Pascal Bruckner : “En France, l’adversaire a toujours le visage du nazi”

Interview de Pascal Bruckner, propos recueillis par Barbara Lambert, publiée sur Atlantico le 16 avril 2014

Dans “Un bon fils” (Grasset), Pascal Bruckner révèle le passé nazi de son père. Et dévoile, en creux, le portrait d’une France qui n’a pas fait le deuil de la guerre et “rejoue sans cesse l’Occupation” : tout s’est arrêté, dit-il, en 1944…

Les origines de l’antisémitisme de votre père, vous les voyez dans ses origines familiales. Il appartenait à une famille de huguenots qui avaient été contraints de quitter la France pour se réfugier en Allemagne...

Pascal Bruckner : D’abord, il y a le climat de l’époque. Il ne faut pas oublier que la France d’avant-guerre était globalement antisémite. C’était “l’esprit du temps”. Et puis, il y avait les origines allemandes, et le besoin de contrer le père qui s’était battu contre l’Allemagne en 1914 : entre mon père et mon grand-père, le conflit était très fort. Je pense aussi que mon père a été happé par l’atmosphère de la Seconde Guerre mondiale, par la "race supérieure" des vaincus. Les Français étaient à genoux, comme beaucoup de gens de sa génération, il a, je crois, été totalement fasciné par la puissance allemande.

Votre mère, aussi, était fascinée par l’Allemagne… de la même façon qu’elle était fascinée par votre père, qui la maltraitait…
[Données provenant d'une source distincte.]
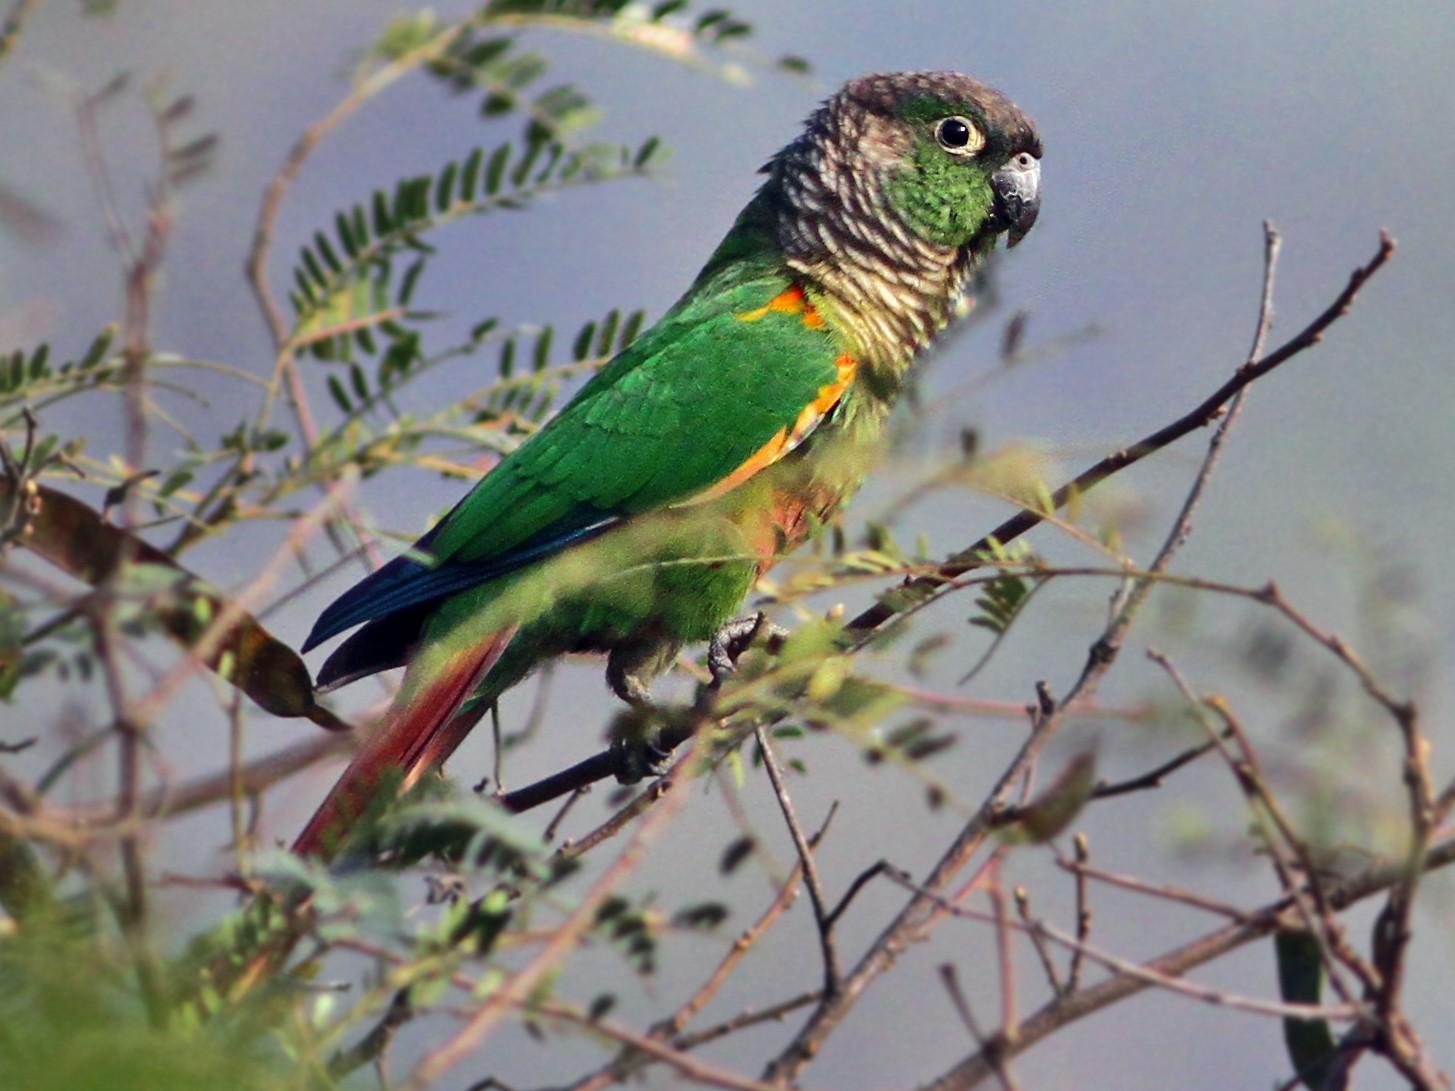 Green-cheeked Parakeet - Andrew Spencer

C’est la loi du plus fort. Il y avait aussi cette idée à l’époque que les démocraties étaient en train de mourir, qu’elles étaient faibles, divisées par les partis. On pensait que le fascisme d’un côté, le communisme de l’autre allaient les écraser. Le trait commun qu’avaient mon père et ma mère, c’était leur haine de la démocratie. Je crois que mon père a été littéralement dévoré par la grande victoire du Reich.

Votre père a devancé le STO et est parti travailler en Allemagne chez Siemens. Vous dites que vous auriez préféré qu’il soit un vrai tortionnaire plutôt qu’un sous-fifre…

C’est une remarque esthétique… Quitte à avoir un père dans le camp des méchants, autant qu’il le soit jusqu’au bout (sourire). En même temps, s’il avait été un vrai tortionnaire, j’aurais pu le détester complètement. Or je n’y arrivais pas. Quand je ne le voyais plus, j’avais des remords, alors je le rappelais...

Vous avez culpabilisé de ne pas le détester complètement ?

C’est un mélange : il y avait l’ancienne culpabilité de ne pas le détester et le constat que je ne pouvais pas aller jusqu’au bout et l’abandonner. Là, je me serais senti, pour le coup, très coupable. On n’abandonne pas son père, ni sa mère, ni ses enfants. Malgré tout, il y a des liens qui résistent aux idées politiques et à la vie commune.

Est-ce que vous aviez évoqué avec lui la possibilité d’écrire sur lui ?

Oui, je lui avais dit : “ Tu sais, quand tu seras mort, je raconterai tout ”. Il m’avait répondu : “Je n’en ai rien à foutre. Je n’ai pas de mouchoir dans ma poche. Tu peux dire ce que tu veux, cela m’est complètement égal”. Il était toujours très fanfaron. Mais enfin, je pense que cela ne lui aurait pas plu. Je crois aussi que je vais avoir des réactions très négatives de la famille. Personne n’est au courant, sauf une cousine. Mais des deux côtés, ils vont certainement être blessés.

Pourquoi publier ce livre, aujourd’hui ? Avez-vous attendu la mort de votre père pour le faire ?

C’est vrai, j’ai attendu la mort de mon père. C’était en 2012, il y a un an et demi. Mais mon éditeur insistait depuis trois ans pour que j’écrive ce livre.

Vous voulez dire que vous n’en aviez pas envie ?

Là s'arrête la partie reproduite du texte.